* [What is expected] There is a line below that contains "Set von sechs". Please reproduce it and all following lines exactly, through the final one.

___ Source material

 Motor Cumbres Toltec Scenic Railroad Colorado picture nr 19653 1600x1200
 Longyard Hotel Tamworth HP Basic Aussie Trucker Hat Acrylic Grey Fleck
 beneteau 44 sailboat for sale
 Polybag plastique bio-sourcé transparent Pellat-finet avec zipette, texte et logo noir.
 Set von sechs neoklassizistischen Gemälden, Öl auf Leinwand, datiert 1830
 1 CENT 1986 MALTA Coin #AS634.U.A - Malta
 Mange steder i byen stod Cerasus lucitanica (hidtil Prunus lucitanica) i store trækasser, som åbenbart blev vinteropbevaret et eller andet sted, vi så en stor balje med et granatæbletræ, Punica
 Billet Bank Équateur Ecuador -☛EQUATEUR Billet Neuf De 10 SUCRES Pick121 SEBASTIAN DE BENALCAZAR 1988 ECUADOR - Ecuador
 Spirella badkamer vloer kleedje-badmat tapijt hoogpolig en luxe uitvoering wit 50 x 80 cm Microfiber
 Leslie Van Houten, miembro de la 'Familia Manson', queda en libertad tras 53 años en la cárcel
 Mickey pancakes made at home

______

* [Solved problem]
 Set von sechs neoklassizistischen Gemälden, Öl auf Leinwand, datiert 1830
 1 CENT 1986 MALTA Coin #AS634.U.A - Malta
 Mange steder i byen stod Cerasus lucitanica (hidtil Prunus lucitanica) i store trækasser, som åbenbart blev vinteropbevaret et eller andet sted, vi så en stor balje med et granatæbletræ, Punica
 Billet Bank Équateur Ecuador -☛EQUATEUR Billet Neuf De 10 SUCRES Pick121 SEBASTIAN DE BENALCAZAR 1988 ECUADOR - Ecuador
 Spirella badkamer vloer kleedje-badmat tapijt hoogpolig en luxe uitvoering wit 50 x 80 cm Microfiber
 Leslie Van Houten, miembro de la 'Familia Manson', queda en libertad tras 53 años en la cárcel
 Mickey pancakes made at home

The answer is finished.